On Thursday evening, the FTSE 100 index closed down 94.5 points (1.5%) at 6,185. This followed a four-day gain of 4.7% from Friday to Wednesday. These are the dangerous dog days of August.
The FTSE 100 is up 4.8% in three months
From 13 May to 13 August, the FTSE 100 climbed over 280 points (4.8%). Not bad, given we were locked down for two of these months. But the big gains came from 23 March to 29 April, when the index surged 1,120 points (22.5%).
As an index, the FTSE 100 measures the aggregate value of its 101 members. (It’s 101, because Royal Dutch Shell has two UK-listed shares.) Of course, some of its shares have done far better than others.
Some FTSE 100 shares have soared
In the three months to 13 August, returns from FTSE 100 shares were very widely dispersed. Indeed, the difference in returns between the ‘best’ and ‘worst’ share is almost 95 percentage points.
Top performer is Mexican miner Fresnillo (+78.3) and then British retailer Kingfisher (+61.7%). Including these two, there are eight FTSE 100 shares up 40% or more in three months.

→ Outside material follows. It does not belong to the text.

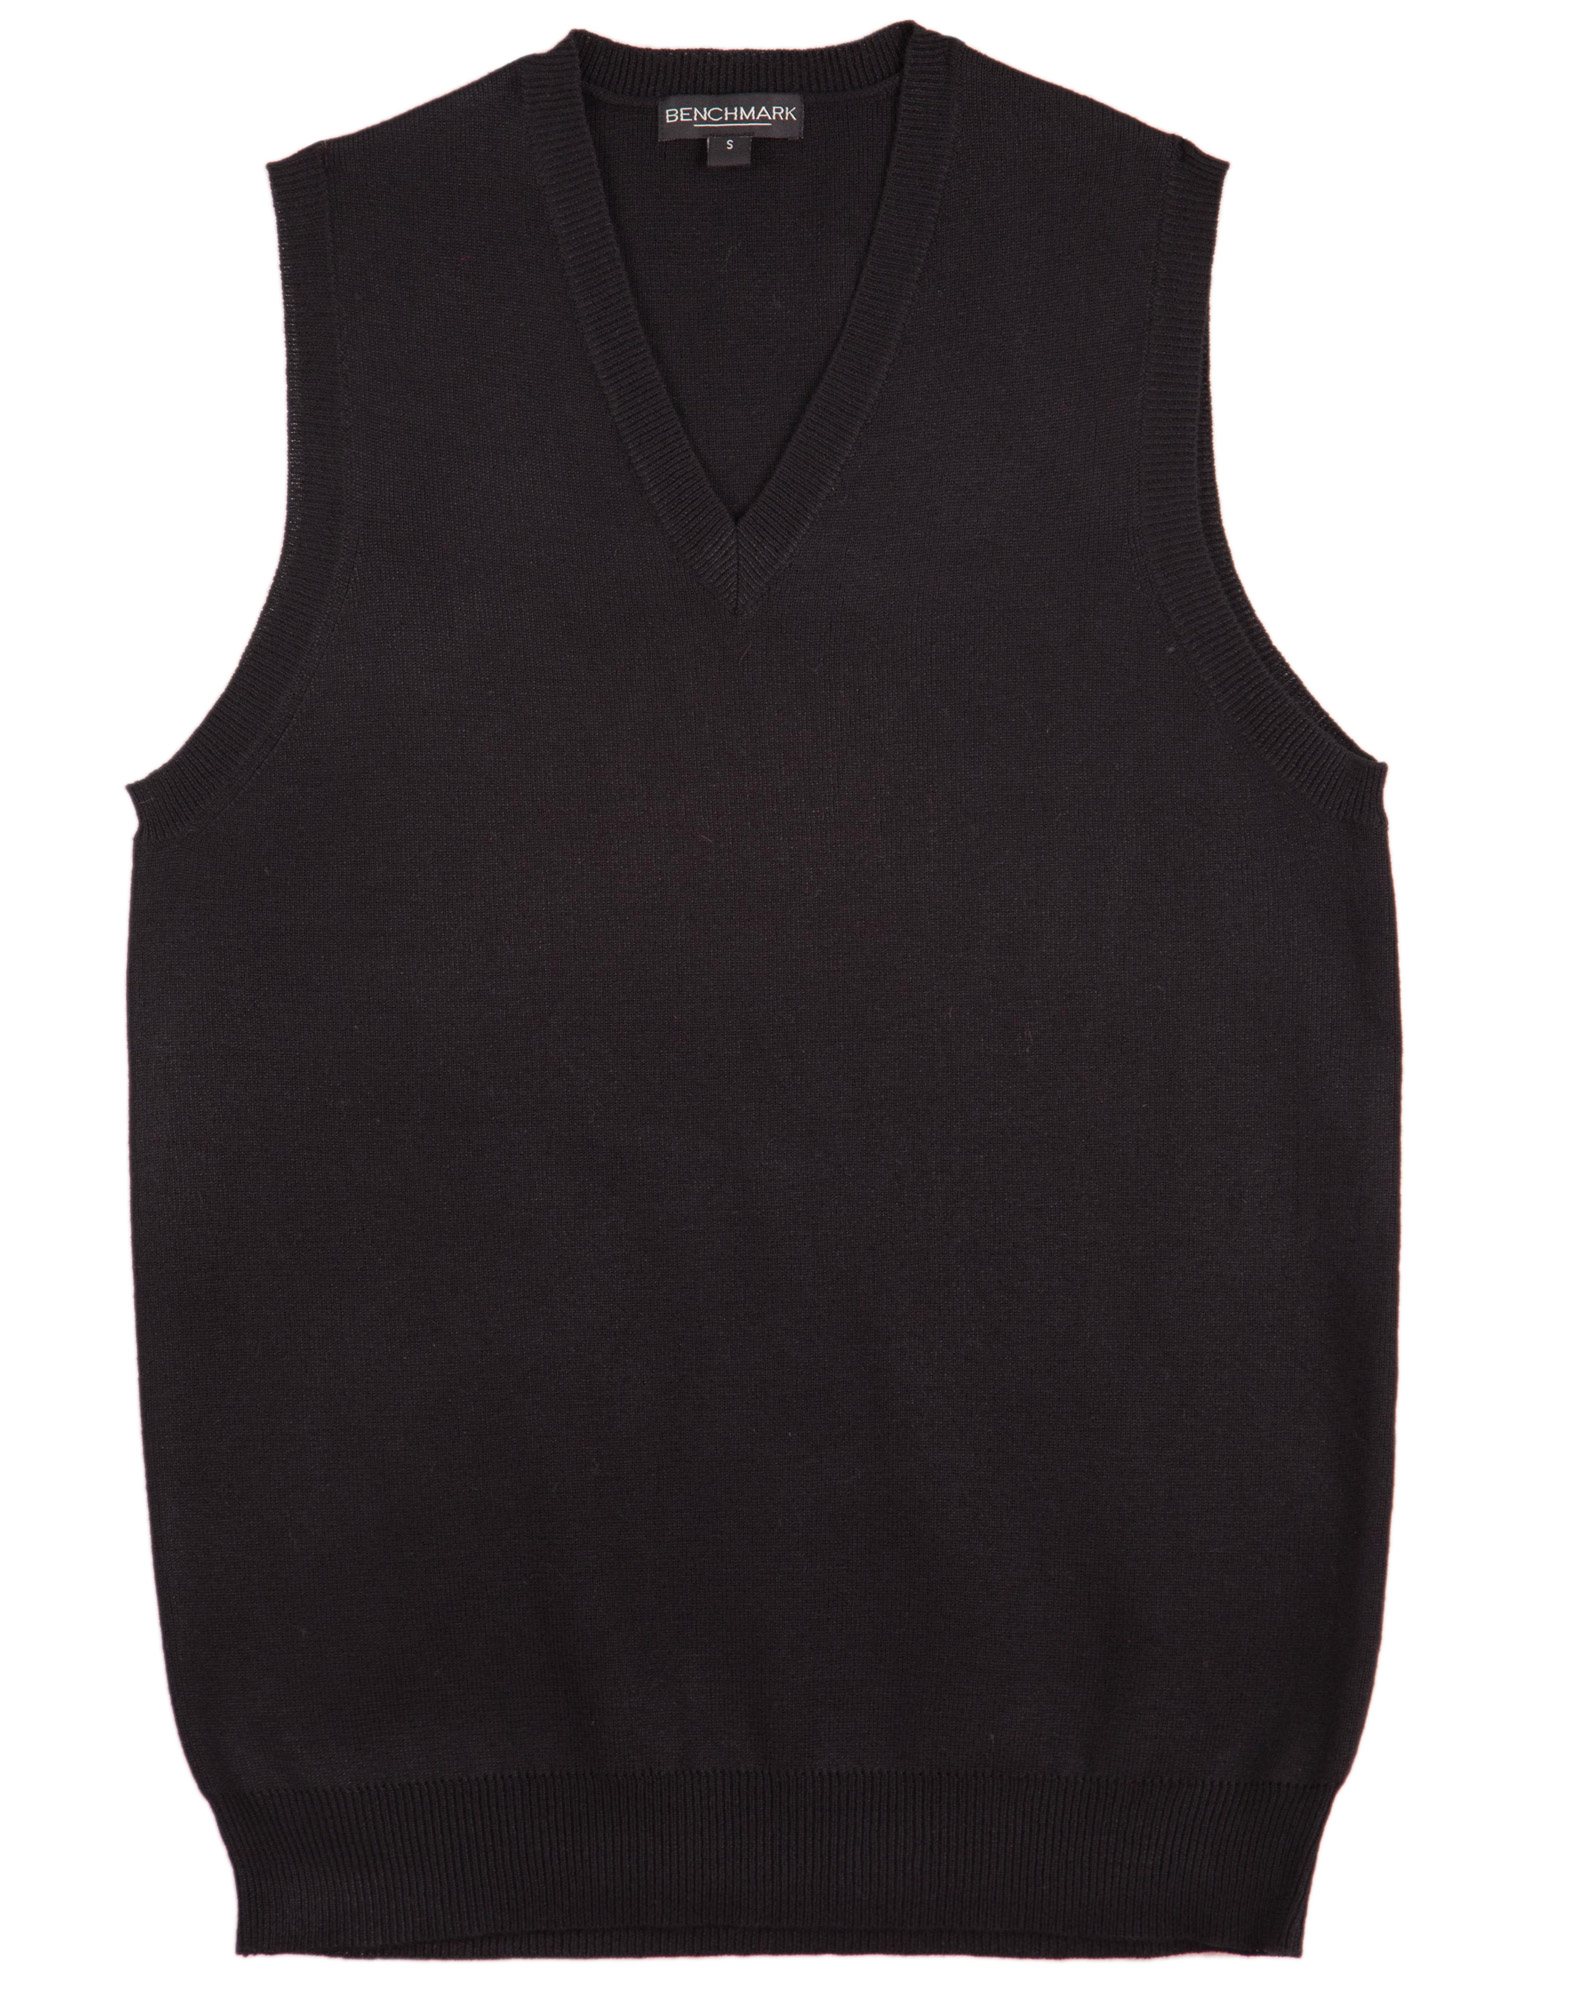 Benchmark M9601 Womens V-Neck Vest | Fast Clothing

Next come 13 FTSE 100 shares up by 30% to 40%, followed by 24 shares up 20% to 30% – all easily beating the index’s 4.7% return.
Next are 23 stocks up 10% to 20% in three months and then 21 shares with single-digit positive returns. In total, that comes to 89 FTSE 100 shares with gains over the three months to 13 August.
Huh? How can this be correct?
Therefore, only 12 FTSE 100 shares fell over in the three months to 13 August. These fallers were down from 0.2% to 16.7%. Hence, there are no really massive losers at the bottom of this table.
But how on earth can 89 shares be up and only 12 stocks be down, yet the index has risen a mere 4.8%? The answer is the FTSE 100 is an index weighted by market value. Thus, the bigger the company, the more its share-price moves affect the wider index.
The big beasts have struggled
Using a simple, unweighted average, the FTSE 100 index would be ahead by 18.2%, not the actual 4.8% recorded. That’s because so many index heavyweights have seen share-price declines during this period.
By heavyweights, I mean massive, global businesses such as drug firms AstraZeneca and GlaxoSmithKline. Other fallen giants include drinks behemoth Diageo, supermarket Goliath Tesco, and tobacco leaders British American Tobacco, and Imperial Brands.
HSBC is my pick of the fallen giants
One other ‘fallen giant’ remains: global mega-bank HSBC Holdings (LSE: HSBA) (down 10.4% in three months). This banking stalwart lends heavily in East Asia, particularly in Hong Kong and China. That’s why its shares have been hammered by the ‘double whammy’ of Covid-19 and deteriorating US-China relations.
Currently hovering around 340p, HSBC shares have almost halved (down 43.6%) over the past year. Furthermore, they are less than 6.5% above their 52-week low around 320p, set on 3 August. Yet, on 11 September last year, HSBC shares peaked at 633.5p. That’s almost double their current level.
Today, HSBC is valued at £69.8bn, which is a fraction of the valuation of big global banks with similar size, scale, and scope. To me, that’s crazy. Hence, I’d buy HSBC today and hold this FTSE 100 share for capital growth and the return of chunky dividends!